Ten or fifteen people crowded together in one cell without sanitation brought predictable results — disease. Very often mass death occurred from an epidemic inside the prison, which the Church declared was God’s “divine retribution” because it proved the guilt of the prisoner.

There was no such thing as medical attention in prison, meaning that ill half-conscience prisoners were left to be eaten alive by the armies of rats swarming the prison cells. Rats in fact, were a useful tool to the Inquisitor, who would, on occasion, order that a prisoner be closely chained to the floor of his or her cell. The rats, accustomed to feeding on human flesh, would then feed on this living meal throughout the night — or days. In fact, the victim, in keeping with the priest’s perverse desires, might have fish oil, or other food smeared on their genitals or breasts in order to provide the rats with a target in their feast. It was all yet another tactic used by the inquisitors to induce the “heretic” to confess their “sin” against the Lamb of God, the “God of love and mercy” who was sitting up in heaven just waiting for the repentant sinner to come to him, as Billy Graham’s theme song proclaims: “Just as I am, without one plea but that thy blood was shed for me and that thou bids me come to thee Oh, Lamb of God, I come I come.”

In time, it became a custom to allow “zealous Christian” men to visit the cells of women prisoners, after they paid a few coins, so that they could, themselves, personally “examine” the accused women. (Walker, op. cit., p. 446.) At this point the condemned women, who usually had been gang-raped and tortured by their inquisitors, were subjected to brutal men who not only raped them, but thought it their God-given duty to inflict further pain and suffering.

That the arrests and tortures often were for sexual gratification can be seen in the case of a priest/inquisitor named Foulques de St. George of Toulouse. The people of Toulouse, thoroughly disgusted with his atrocities, gathered evidence that he arrested women only to rape and torture them.
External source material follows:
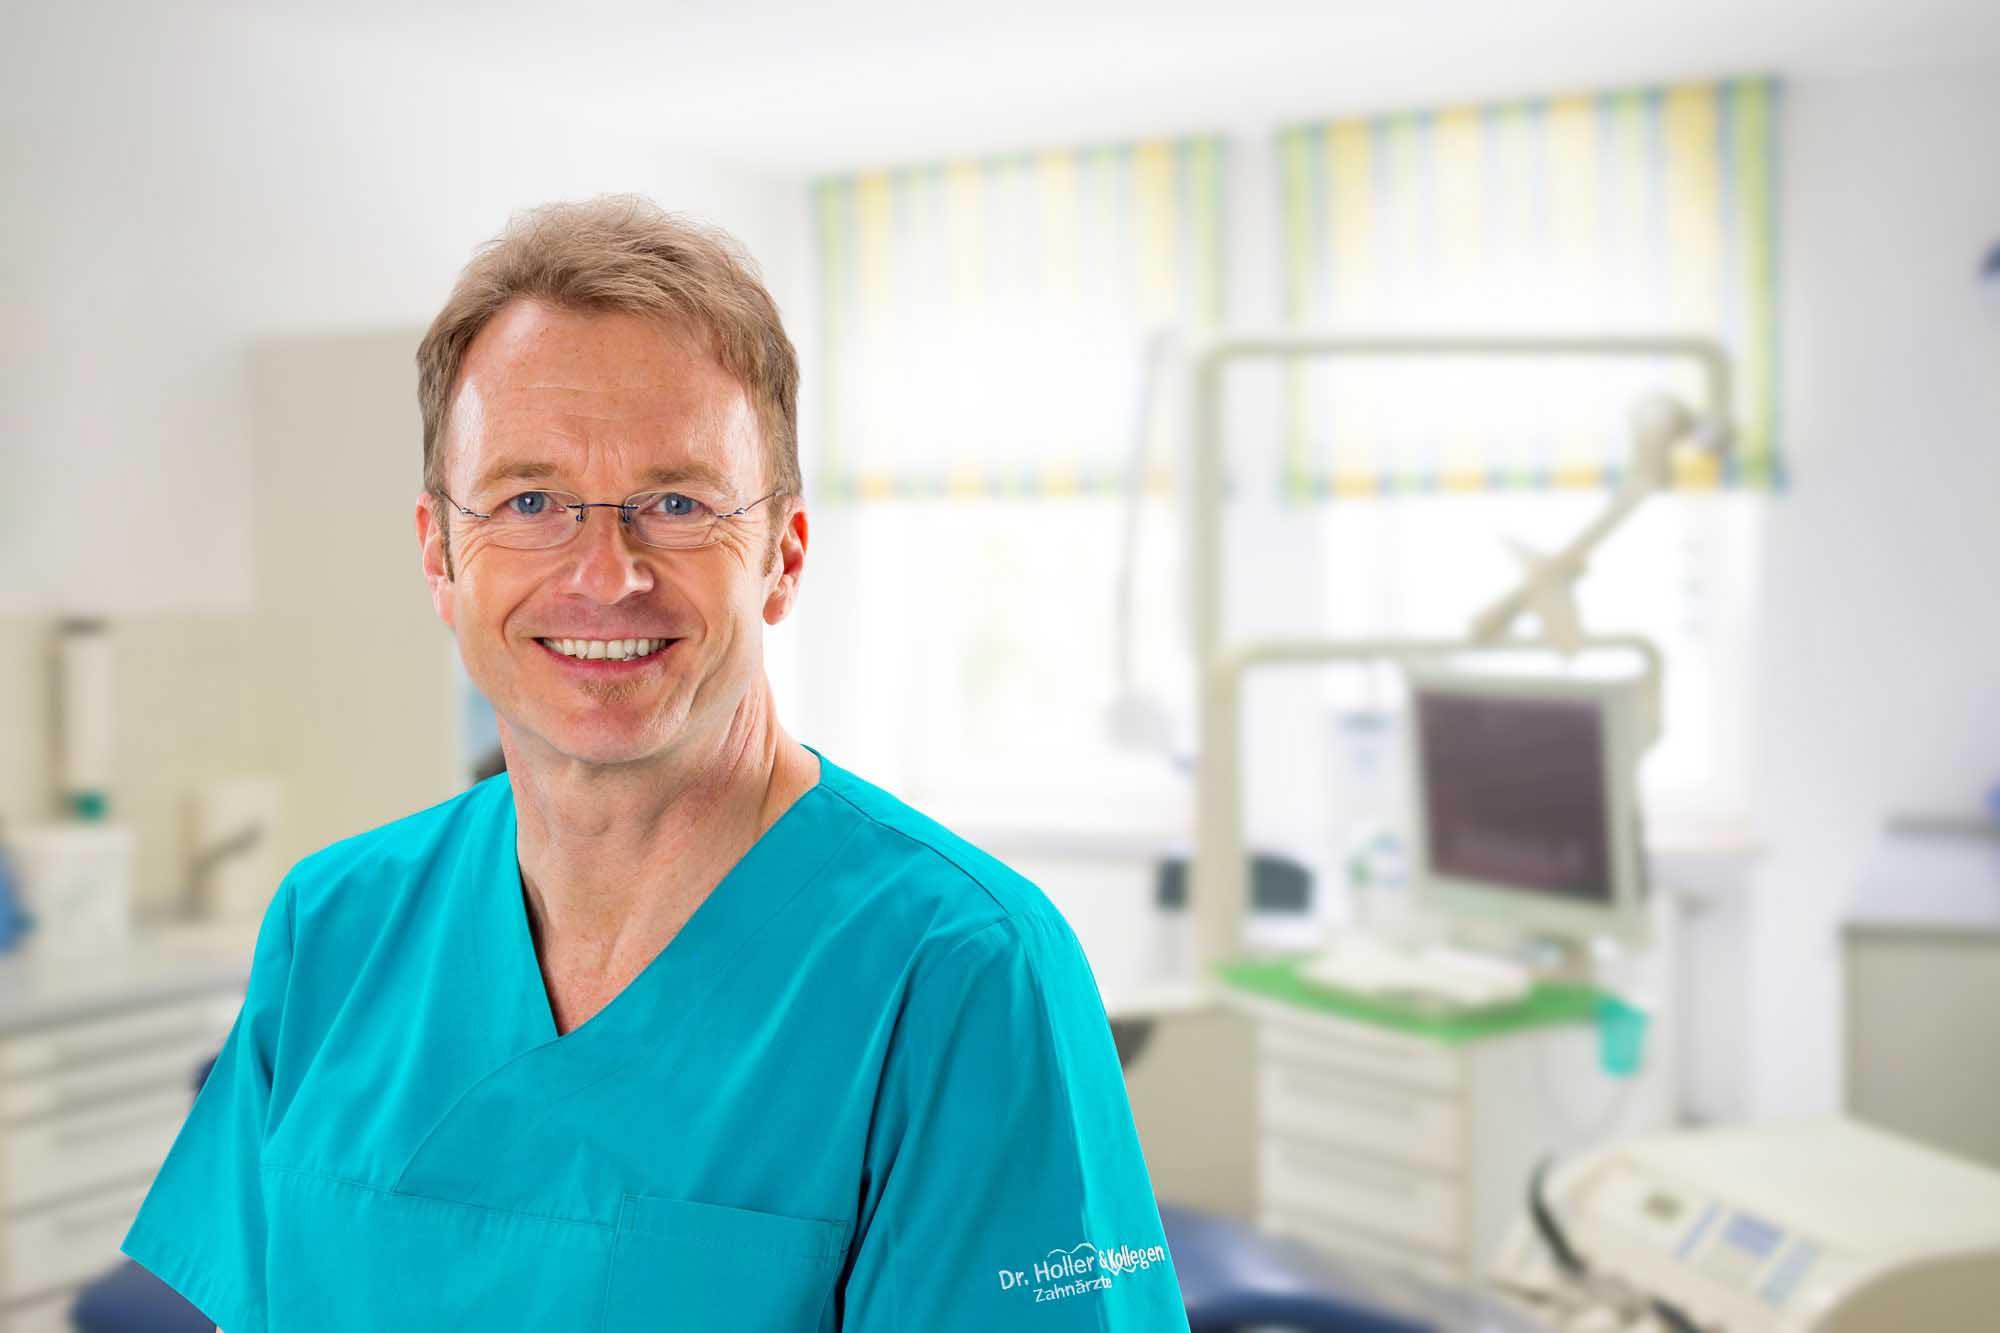 Dr. Harald Kubik

Indeed, the chronicler of Trier, Germany recorded that all the females in two nearby villages were killed by inquisitors in 1586. However, these actions were rare exceptions because to question the Inquisition was a one-way ticket to be arrested, tortured and killed by the Inquisition, which means that almost nothing was done to stem the perverse appetites of the Holy Inquisition.
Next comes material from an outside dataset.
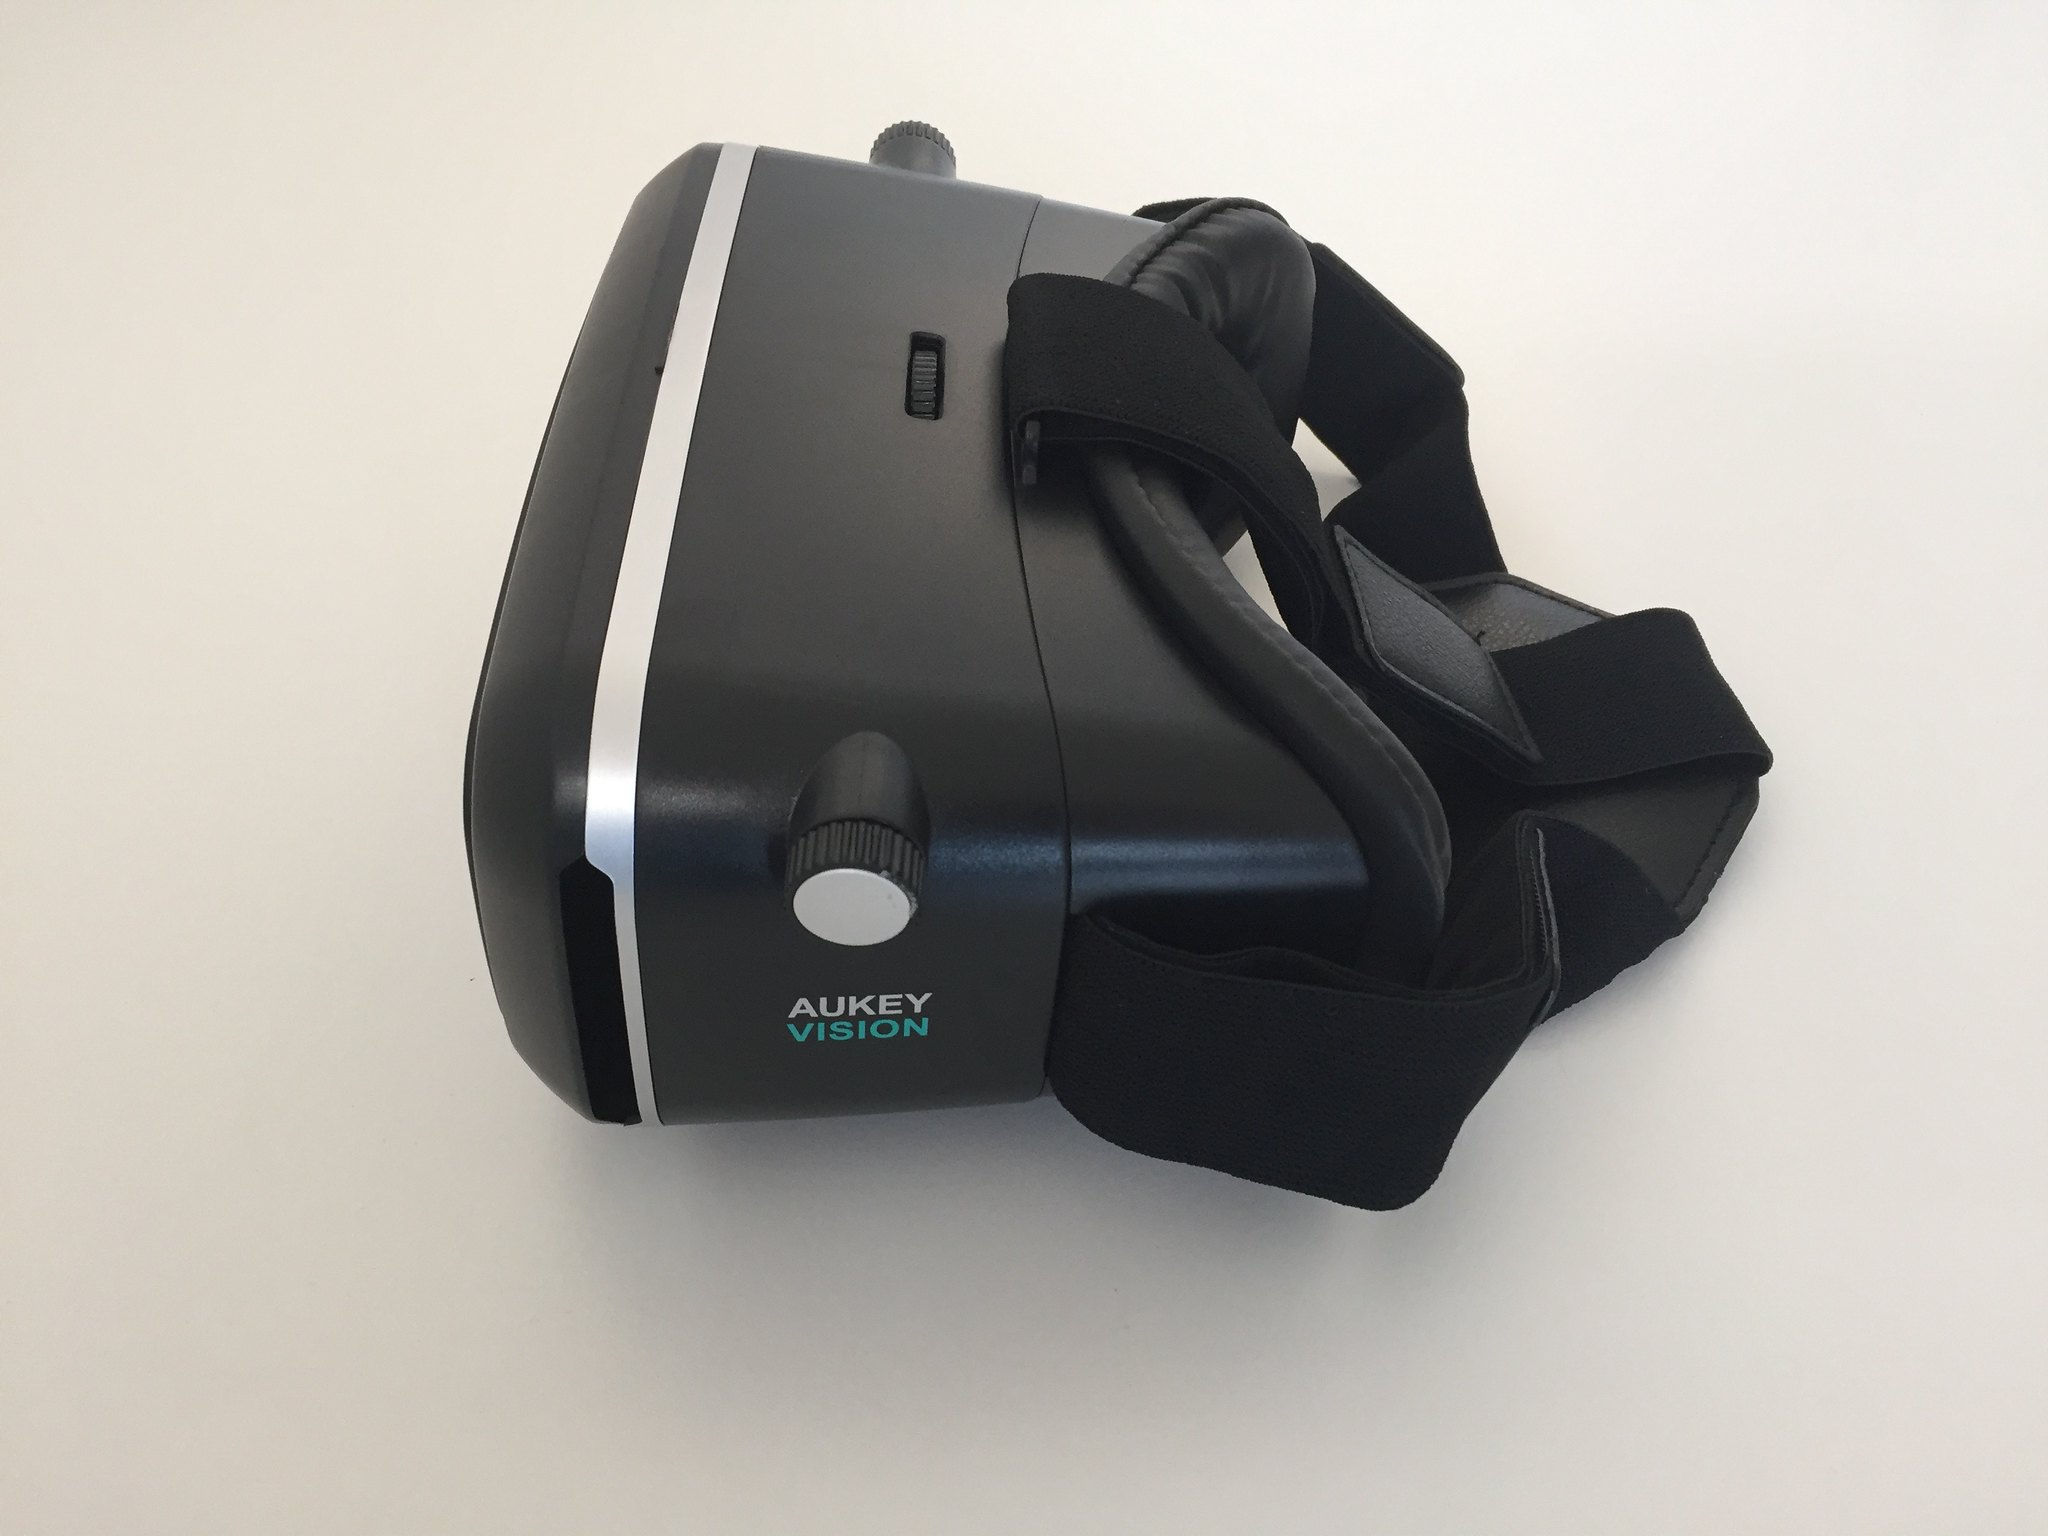 20170228 Casque VR Aukey VR-01 7

In time, the charge of heresy was joined with another charge, which provided a very large number of female victims for Christ’s ministers. It was the charge of witchcraft. Karen Armstrong writes: “The old pagan belief in witchcraft received its Christian baptism in 1484, when Pope Innocent VIII brought out an astonishing Bull, Summa Desiderantes . . .” (Armstrong, The Gospel According to Woman, p. 103.) Innocent officially began the witchcraft hysteria, which was to plague Christendom for centuries to come. The pope empowered two Dominicans, Jacob Sprenger and Heinrich Kramer, to investigate the practice of witchcraft, and the result was a book called Malleus Maleficarum (The Hammer of Witches), which was a handbook to help the Inquisitors uncover witches. Released in 1486, The Hammer of Witches essentially placed full blame for witchcraft on women, while painting men as their victims. For a priesthood that enjoyed arresting, raping, torturing and burning women, this book was a God-send.

Among other perversions, Malleus Maleficarum taught that witchcraft was due to women’s “insatiable sexuality” and that owing to her “inferior humanity” a woman, was more susceptible than a man to the devil through sex. (ibid, p. 104.) Moreover, the more beautiful the women, the more likely a suspect she was because her beauty was used by Satan to entice innocent young men into his grasp! Armstrong writes: “Indeed, the Malleus is quite clear that part of a woman’s danger is her beauty.” (ibid., p. 112.)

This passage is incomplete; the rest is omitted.